Его прозрачная голубоватая рука движется прямо у меня перед носом — вперед, назад, вперед, назад…

— Хороший контракт, не пожалеешь.

— Что такое? — спрашиваю я, не понимая, что это мой голос и мои слова.

— Хороший контракт.

Его белоснежная улыбка в полусвете сна… искусственные зубы, безупречная имитация человеческой внешности. Но за спиной-то, за спиной его совсем иное… за его спиной вечность, где нет ни Добра, ни Зла, только недоступная разуму пустота, отсутствие чего бы то ни было, бездна… абсолютная и неизмеримая бездна, без границ, которые могли бы помочь сравнить ее с чем-то, представить ее космическую глубину, ее пустоту, настолько совершенную, что само слово «пустота» теряет значение.

Ночь на Ивана Купала… в моем сне эта ночь не просто отрезок времени от вечера до утра, она вполне материальна, она волнами испарений поднимается от земли и медленно исчезает в холодном, похожем на полярное сияние свете над горизонтом, чьи острые ледяные лучи расходятся по всему небу. Он стоит передо мной с уже написанным контрактом, контуры его фигуры нечетки в уже начинающемся рассвете и тихом зеленом свечении фалькенбергского элеватора. Его образ начинает понемногу таять, мне очень не по себе от его приглашающей улыбки, от его бесплотной руки, качающейся перед глазами, как маятник. Все, что он хочет от меня, — чтобы я открылся ему, позволил проникнуть в мою душу: и все, и желанный контракт заключен. В этой реальности сна… или… никак не могу сообразить… или во сне реальности? — в этой странной реальности я, ослепленный и обессиленный его магией, становлюсь жертвой исполненного ясности и непередаваемого Зла сатанинского соблазна. И вот его рука уже во мне, я чувствую, как у меня загорается все внутри и медленно остывает, жжение сменяется чувством абсолютного равнодушия и осознанием бессмыслицы жизни. Вдруг я слышу смех в лесу; странный смех, полный непередаваемого ужаса. Кто это? Эстер? В ту секунду, когда я грубо повалил ее на пол в ее квартире? Или это мама? Ее молитва, ее предупреждение, чтобы я ни в коем случае не поддавался искушению? Теперь и сам дьявол смеется… прости меня, мама, но уже поздно, этот смех окончательно лишает меня рассудка, и я продаю свою душу. А что еще мне остается, мама, в этом мире, где даже тебя нет?…

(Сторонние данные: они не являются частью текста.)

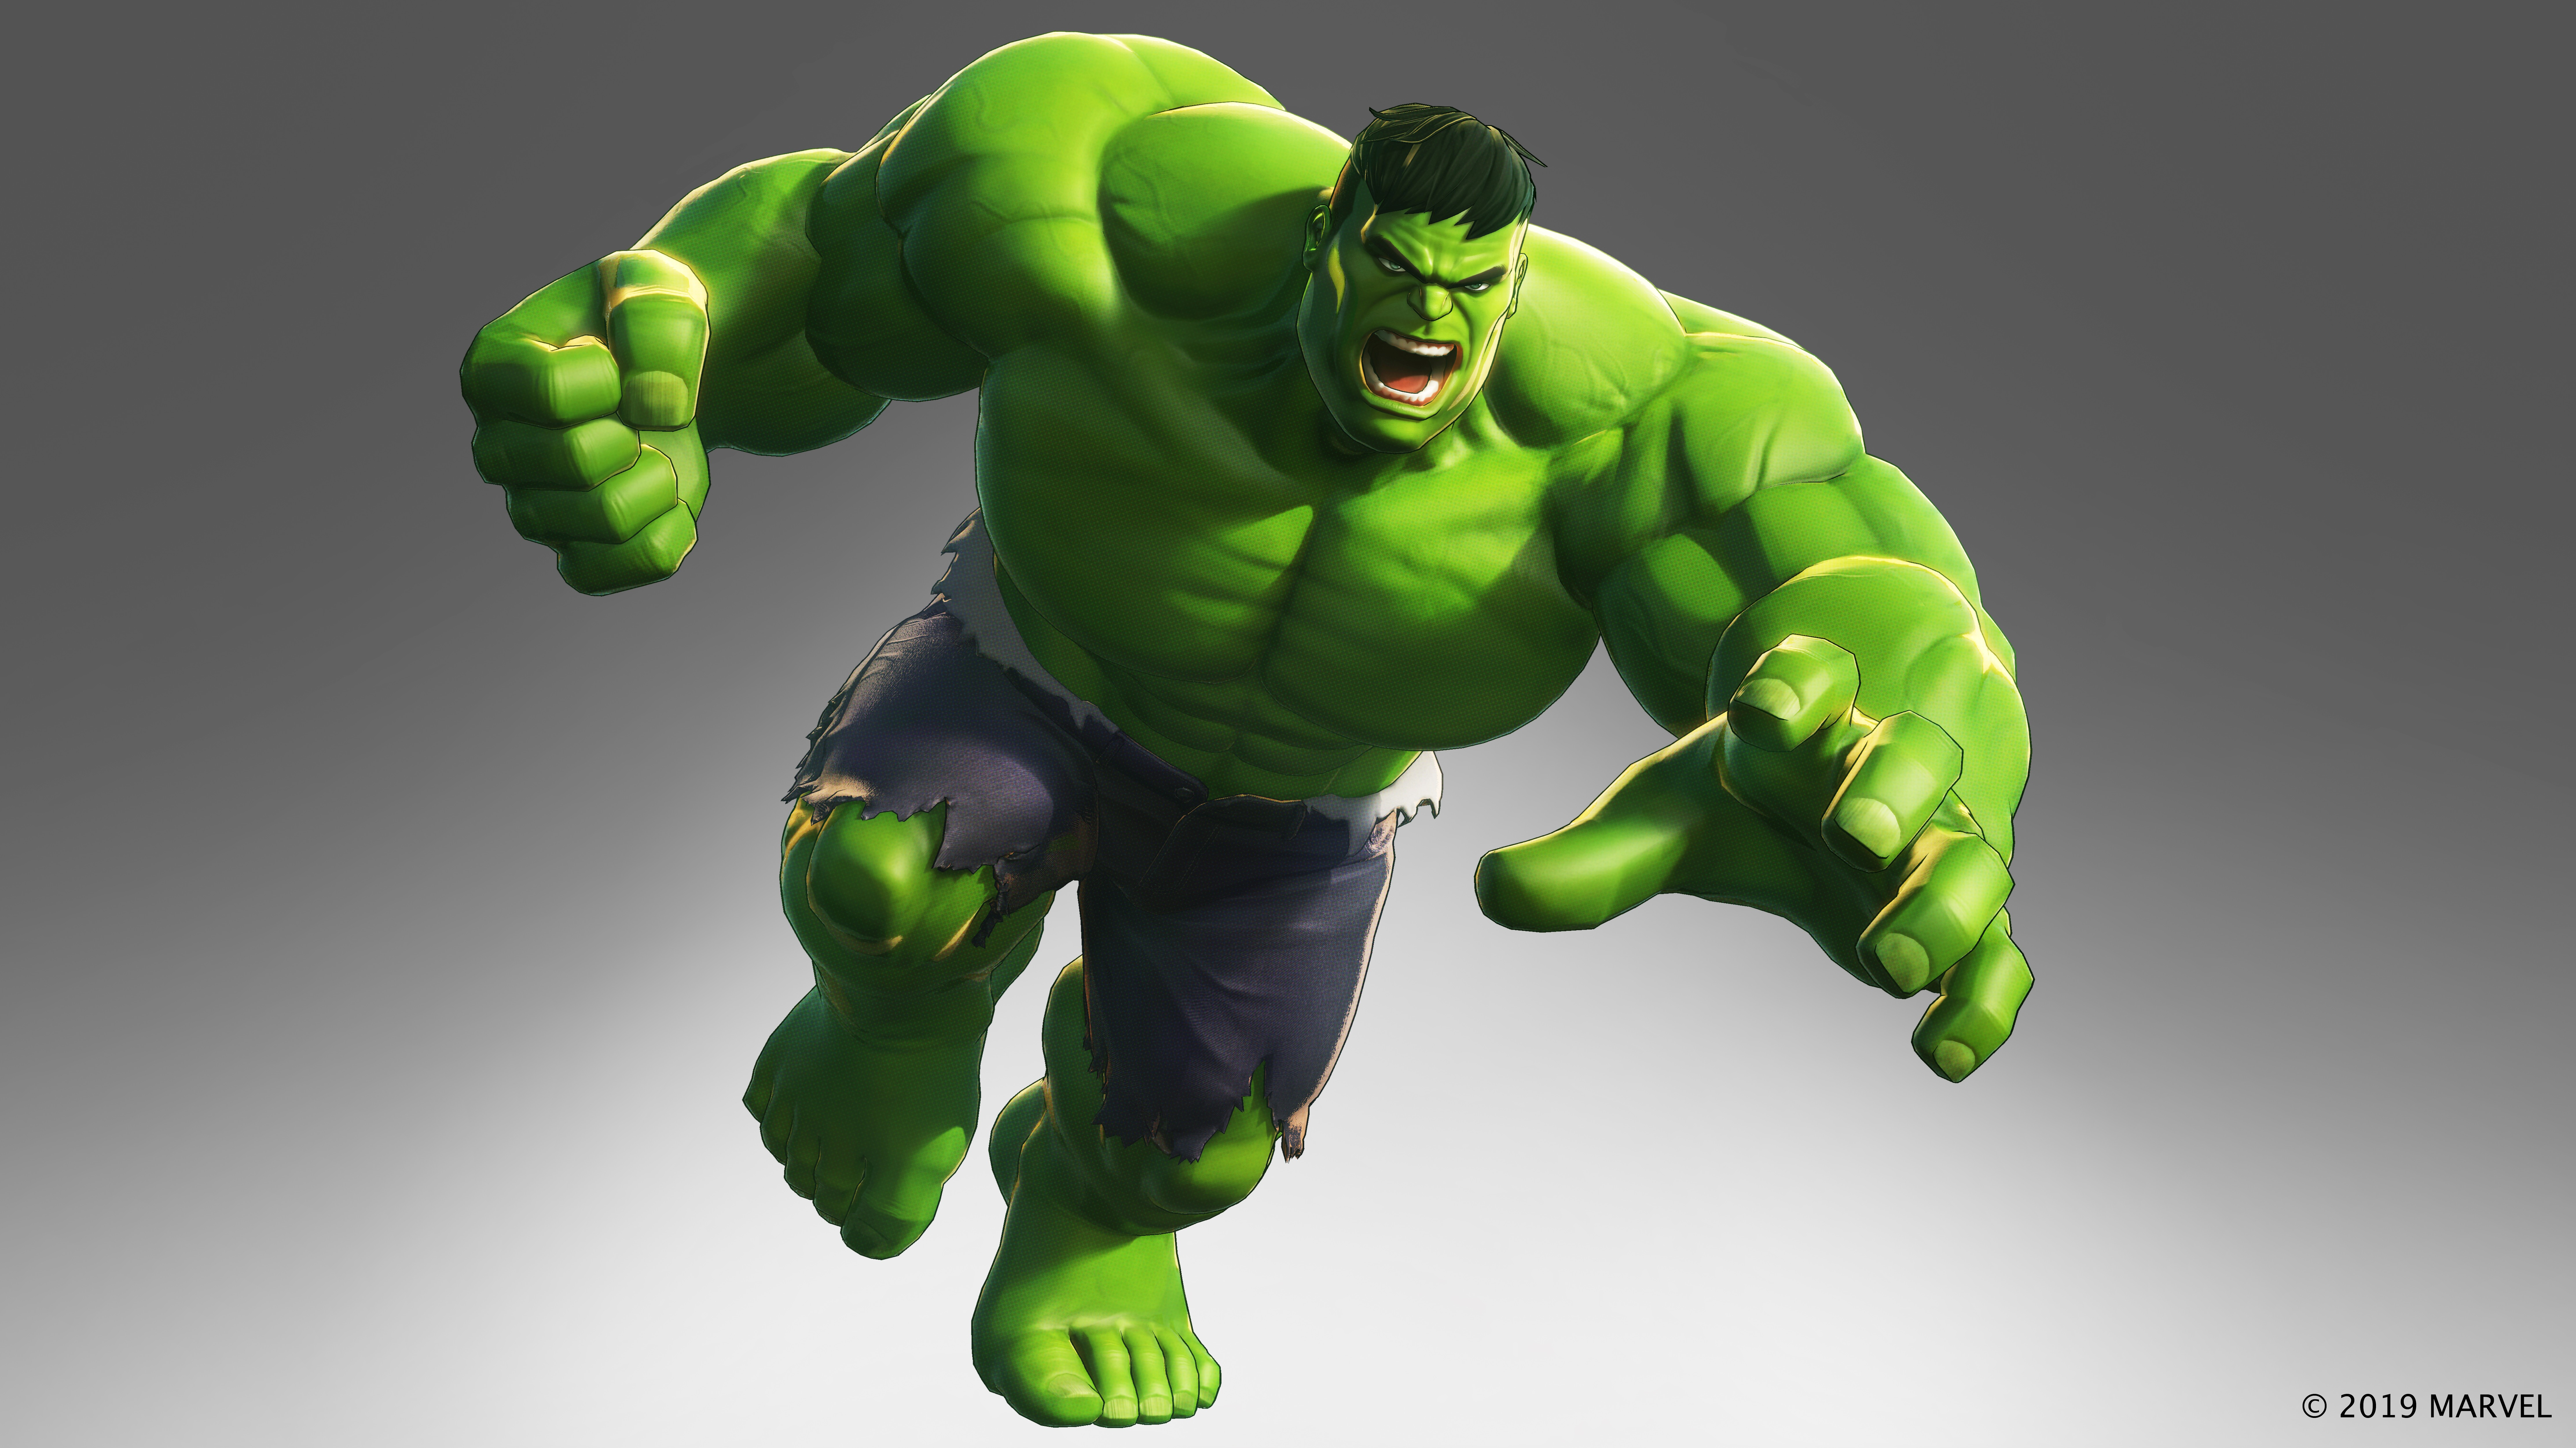 Marvel Ultimate Alliance 3 2019 Hulk, HD Games, 4k ...

Я просыпаюсь рано, на рассвете, совершенно обессиленным. Медленно вылезаю из мешка. Холодная роса покалывает ноги, как кристаллики льда. Где я? Совершенно чужое место, я его не узнаю. Тихо вхожу в дачу; здесь еще не выветрились ночные тени и запахи. Дверь в спальню приоткрыта. Я медленно приближаюсь… что я хочу узнать? Что-то, чего я не понимаю и, наверное, не хочу понять. Звуки, обрывки предложений, стоны… Я стою в сумраке, мне кажется, он борется с ней, как больные борются с болезнетворными демонами… Хоть бы он проткнул ее насквозь, хоть бы она лопнула, как огромный кровавый пузырь… Чем все это кончится?

* * *

Вот уже и осень, листья на сером асфальте, словно расплющенные при падении брызги расплавленной бронзы. Деревья, холодные, с обнажившимся переплетением ветвей, напоминают замерзшие фантастические скульптуры. Дни стали короче, небо по утрам синее, а по ночам угольно-черное, и на нем сияют теплые звезды, словно зажженные в том, другом мире специально для нас огоньки… их зажигают в том мире, где сейчас мама, зажигают для тех, кто пока еще жив.

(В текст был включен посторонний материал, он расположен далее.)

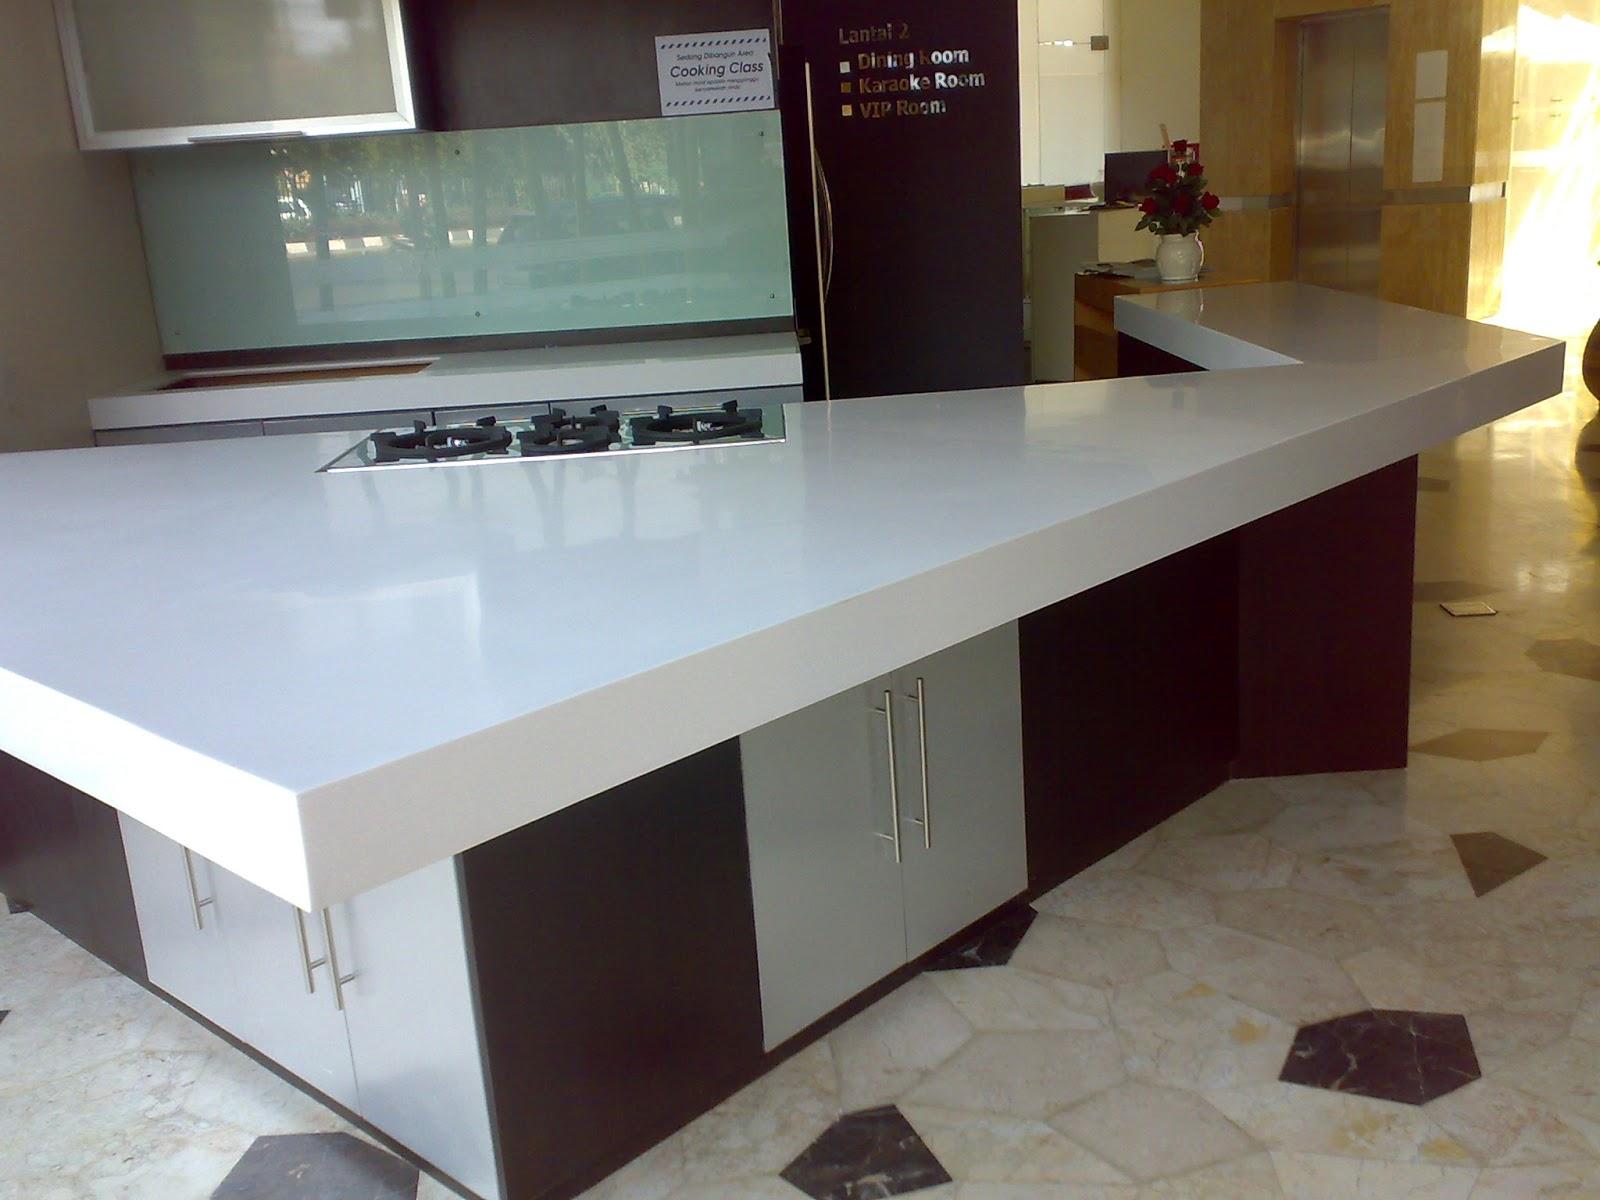 Memilih Top Table Kitchen Set   Kompasiana.com

Мне хорошо этой осенью; этот васильковый свет по утрам словно обещает перемены… Все меняется, все на свете обладает этим свойством, все меняется крошечными, незаметными глазу шажками, эти шажки словно кванты в потоке времени. А почему бы нет? Это были тяжкие годы; может быть, и впрямь настало время для перемен к лучшему? Мне хорошо; достаточно только посмотреть, как темнеет за окном небо, отдавая последнее осеннее тепло, почувствовать кожей робкую дрожь зажигающихся звезд…

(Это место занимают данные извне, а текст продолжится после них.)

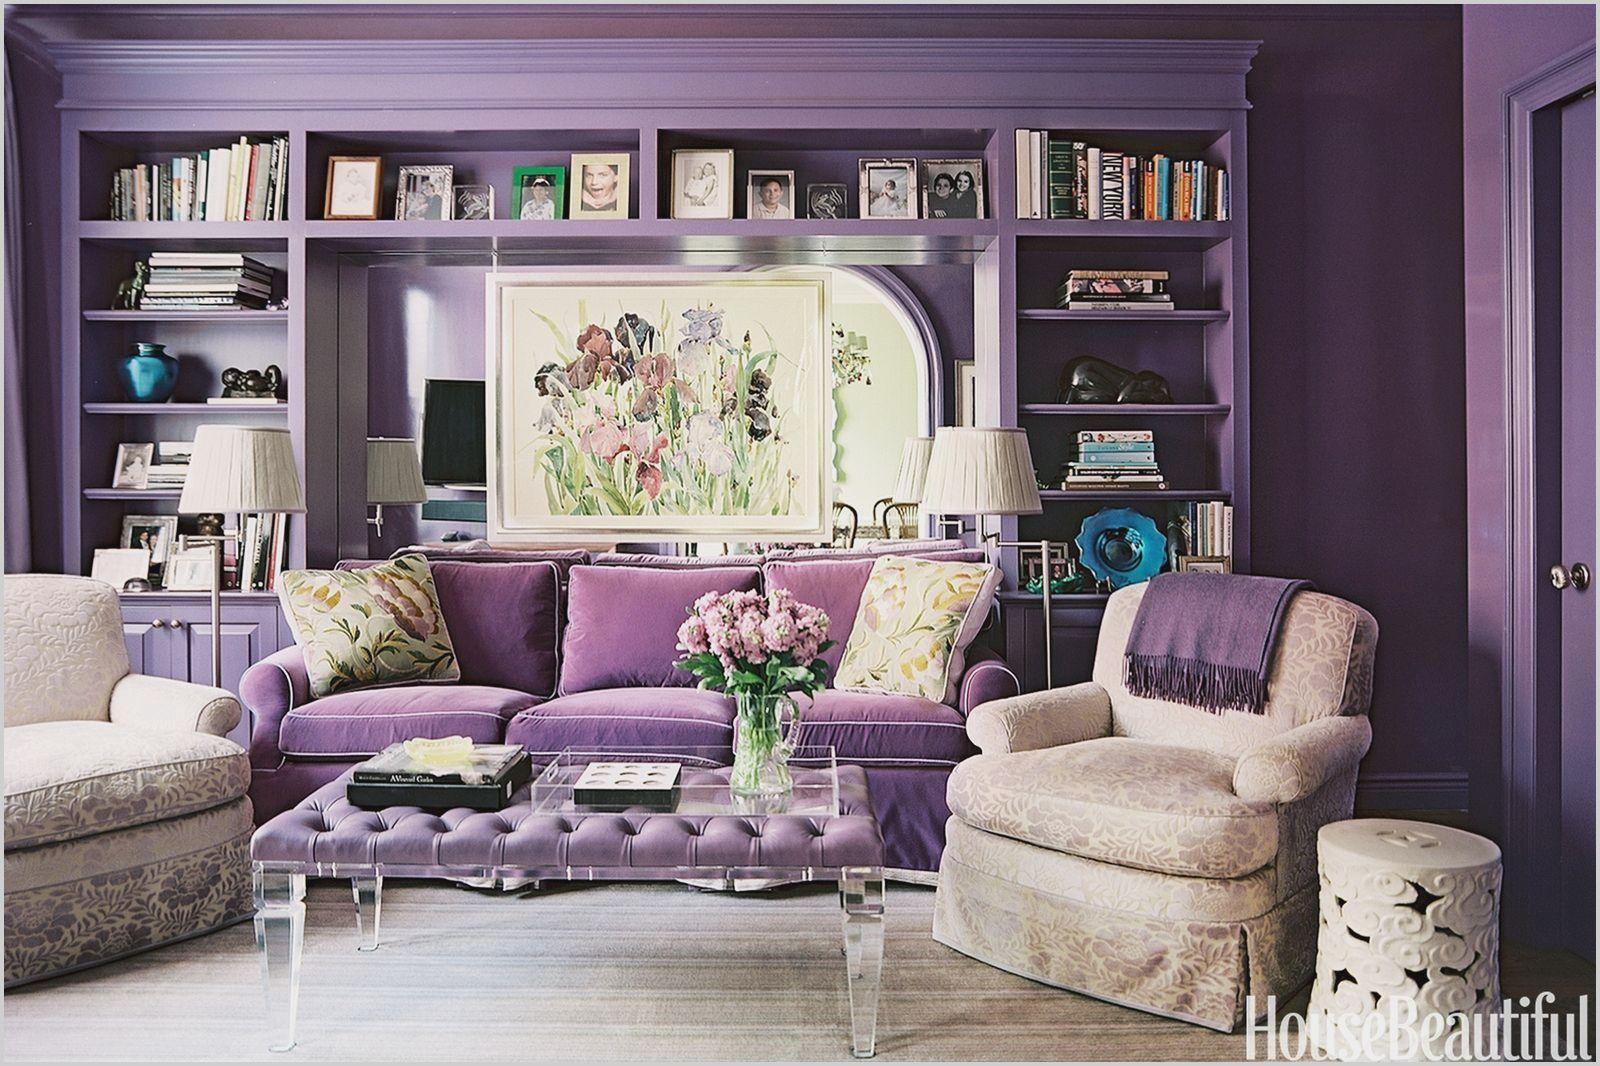 Beige And Purple Living Room Ideas In 2020 Purple Living

Когда это началось? Наверное, тогда, на Иванов день, когда мне стали чудиться странные вещи, я не мог различить, сплю я или бодрствую… у меня просто не было другого пути — только путь перемен. Может быть, мои рассуждения тоже покажутся странноватыми, но это, во всяком случае, ответ на вопрос, пусть тоже странноватый. Маятник качнулся в полном соответствии с необъяснимым законом о причинах и следствиях — и когда я вернулся с дачи, все стало по-иному.

В июле настает пора массовых отпусков, мы с Миро дни напролет проводим на пляже в Скреастранде, тела наши потемнели, а зубы от морской воды сделались ослепительно белыми. Вечерами мы сидим в нашем подвале, пьем пиво и играем джаз. Потом клеим девочек в толпах туристов и купальщиков. Снова начали репетировать — мы не собирались почти год и даже не понимали, как нам этого не хватало.

Вот такая осень: все просто и ново, хотя, конечно, это не совсем так. Эстер, например… а я совсем и не думаю о ней. И о сестре не думаю, и о маме. Мне не снится даже музыка, пусть все будет, как есть, пусть это даже и не истина, а ее зеркальное изображение.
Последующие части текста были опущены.